The vampires haven’t fallen out of popularity since the movie Dracula first saw publication in 1897. Instead, the genre has tettered in and out of the spotlight, always learning to adapt to the times while also taking inspiration from the other sources.
The fact that the vampire fiction adapts to the times is pretty apparent from its history. Although the movie Dracula first established its reputation for classical horror at the turn of the 20th century, culminating in the artistically praised Nosferatu of 1922, it moved away from the world of high art and into the realm of pulp fiction in the ensuing decades.
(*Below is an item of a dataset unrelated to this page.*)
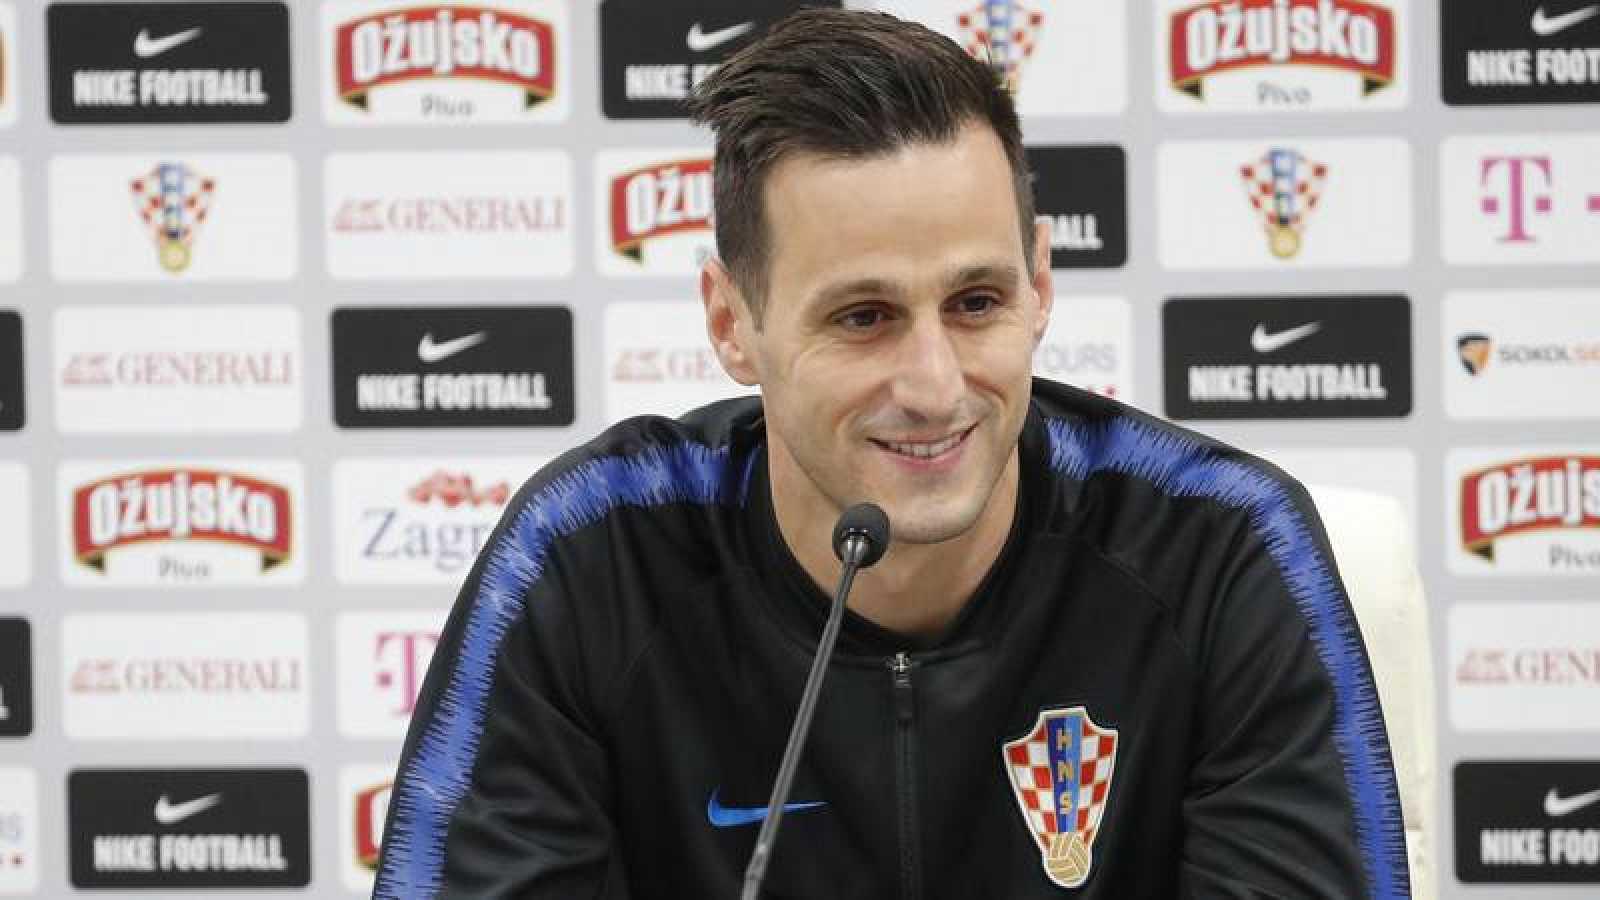 El seleccionador de Croacia expulsa a Kalinic por negarse a jugar, según un diario
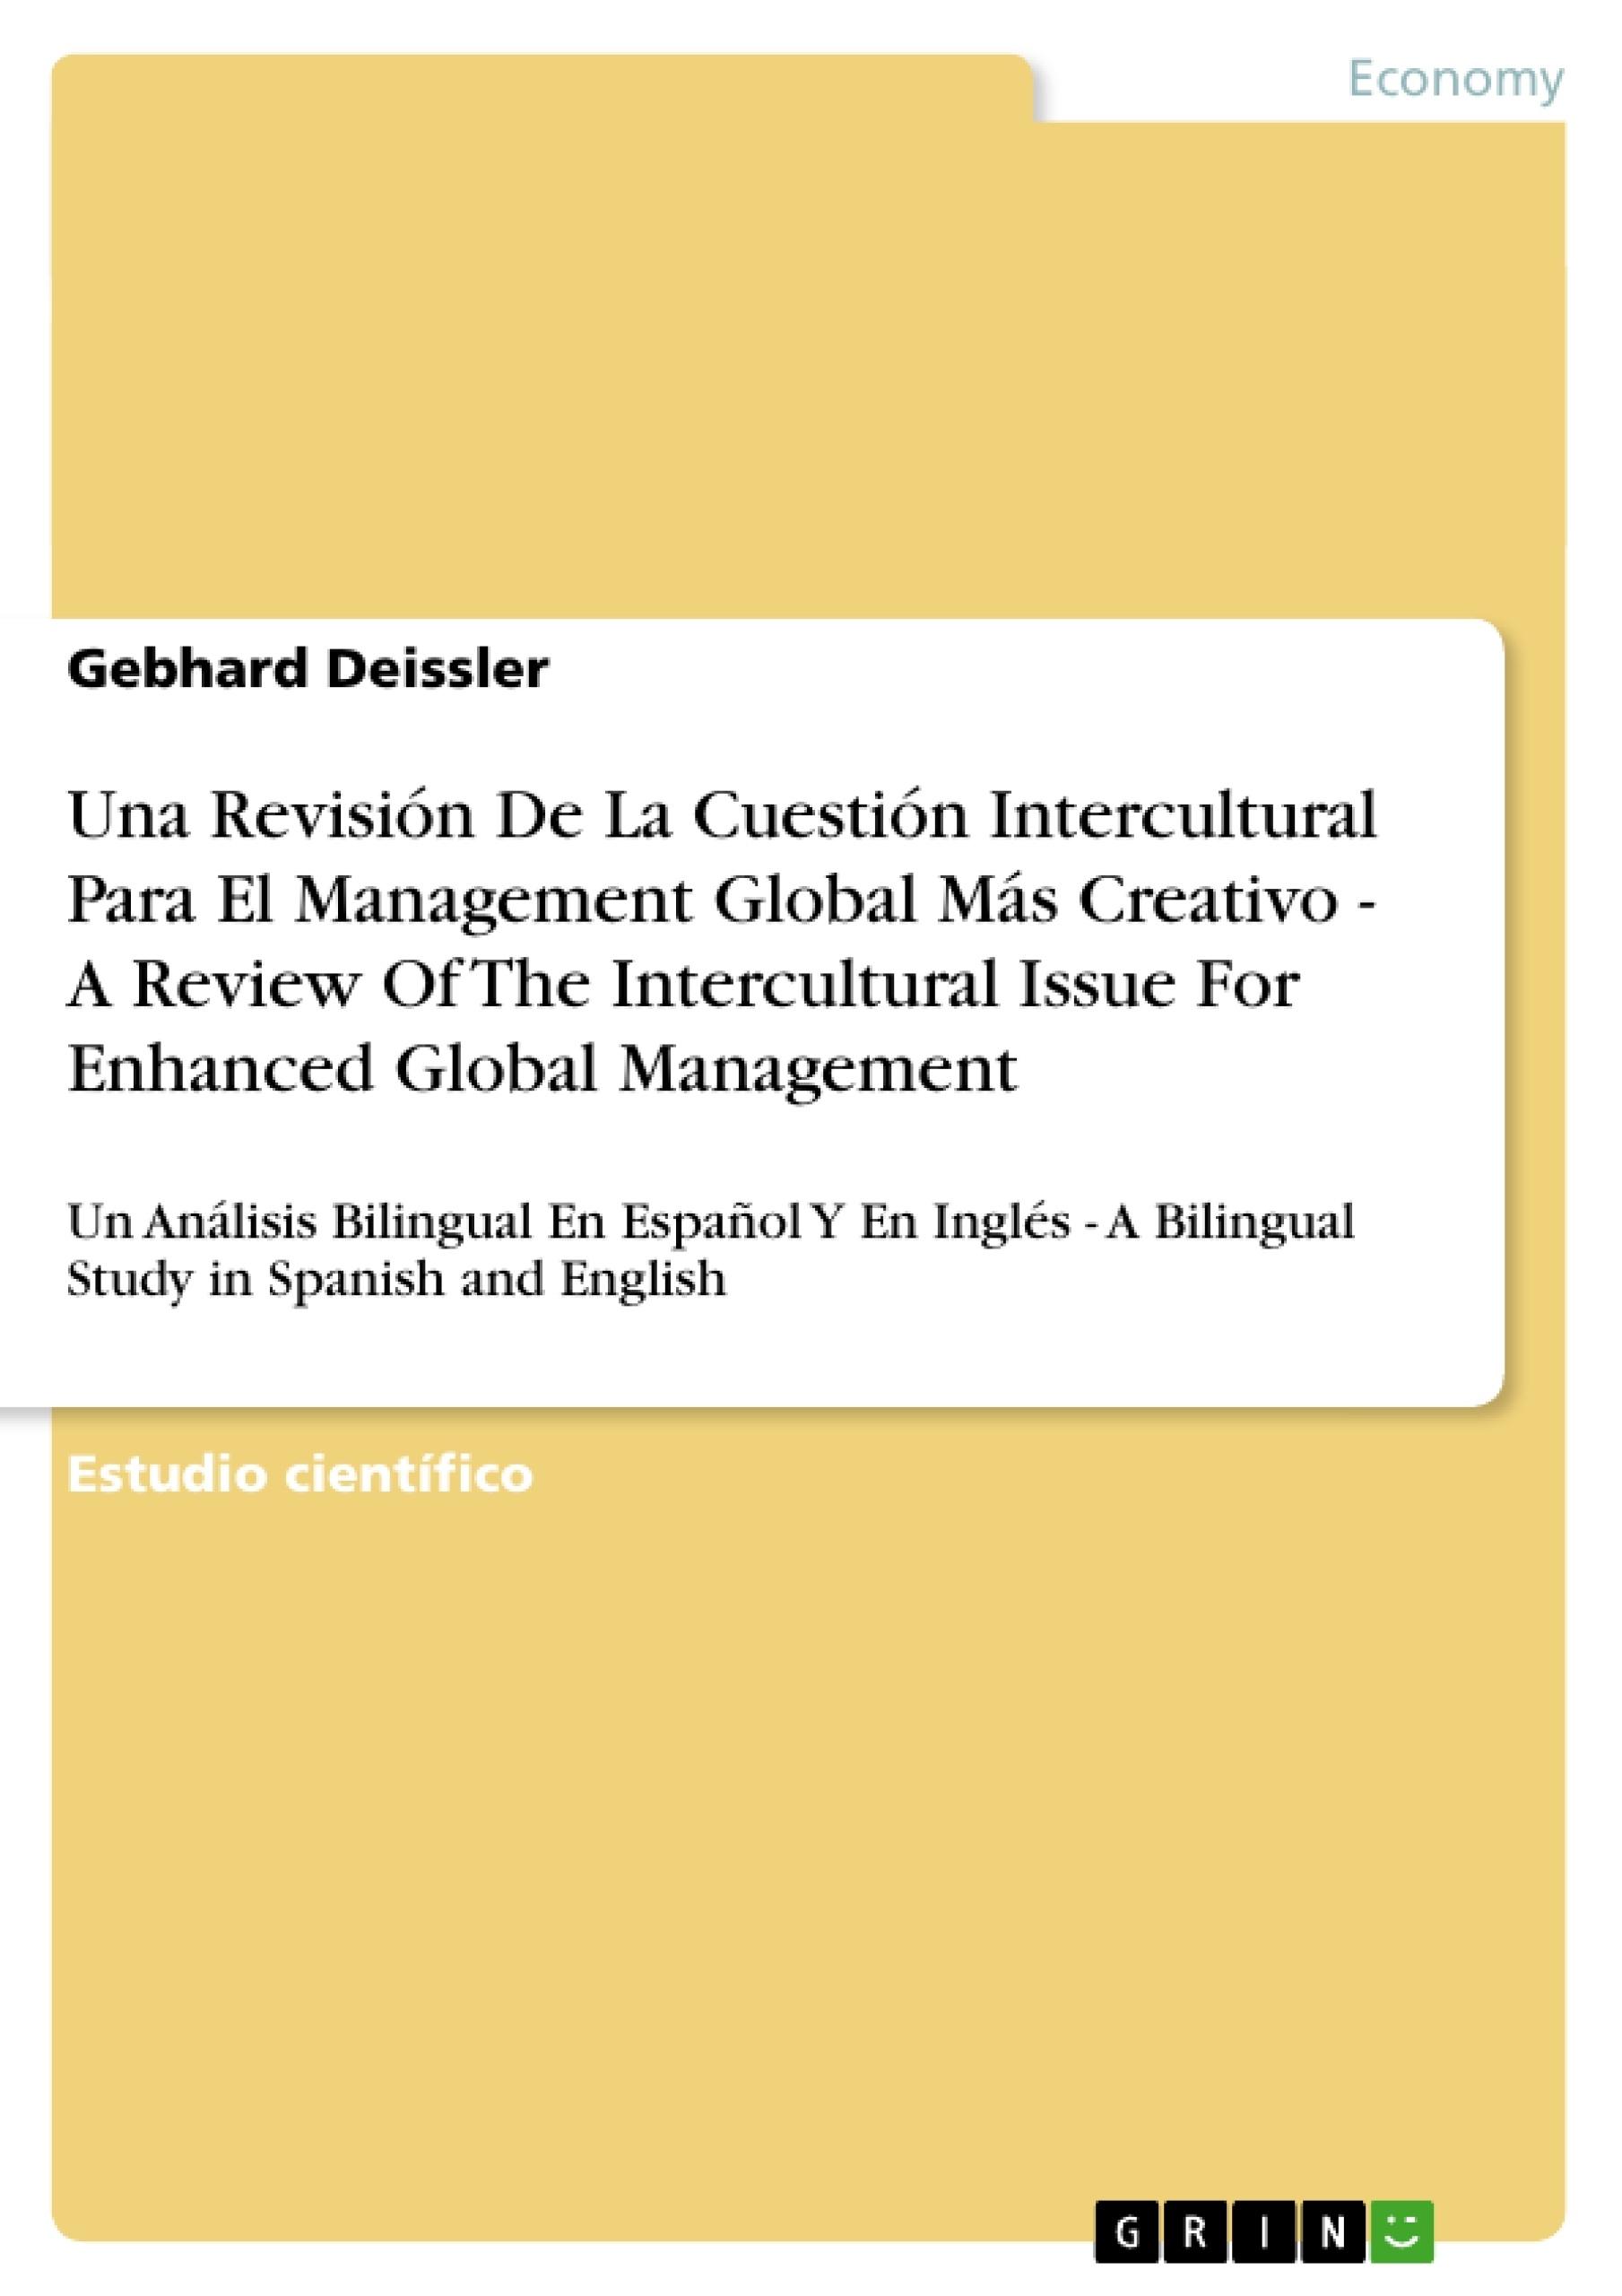 Título: Una Revisión De La Cuestión Intercultural Para El Management Global Más Creativo - A Review Of The Intercultural Issue For Enhanced Global Management

By the late 1950s vamps were a fixture of EC Comics’ horror line, appearing in titles like The Haunt of Fear and Tales from the Crypt. What is interesting is that the evolution of the vampire genre seems to jump back and forth between the ruminative world of literature and the titillating thrill of comic books. The 1970’s era saw a resurgence of vampires in the world of comics as the comics code authority that had forbidden them for years fell to the wayside, but in the world of cinema, it was adaptations of literature that dominated the box office.
Superhero movies have completely dominated the cinema market since the MCU debuted with Iron Man back in the year 2008. In the decade thereafter, they became not only a fixture year-round at theatres but also a constant source of excitement and speculation from audiences hungry for more.
Well, hopes are still up in the vampire genre. A new Blade movie is set for a production starring Mahershala Ali is in works with MCU and with Sony pacing with Morbius, the groundwork is being set for the resurgence of the vamps in the superhero filled market.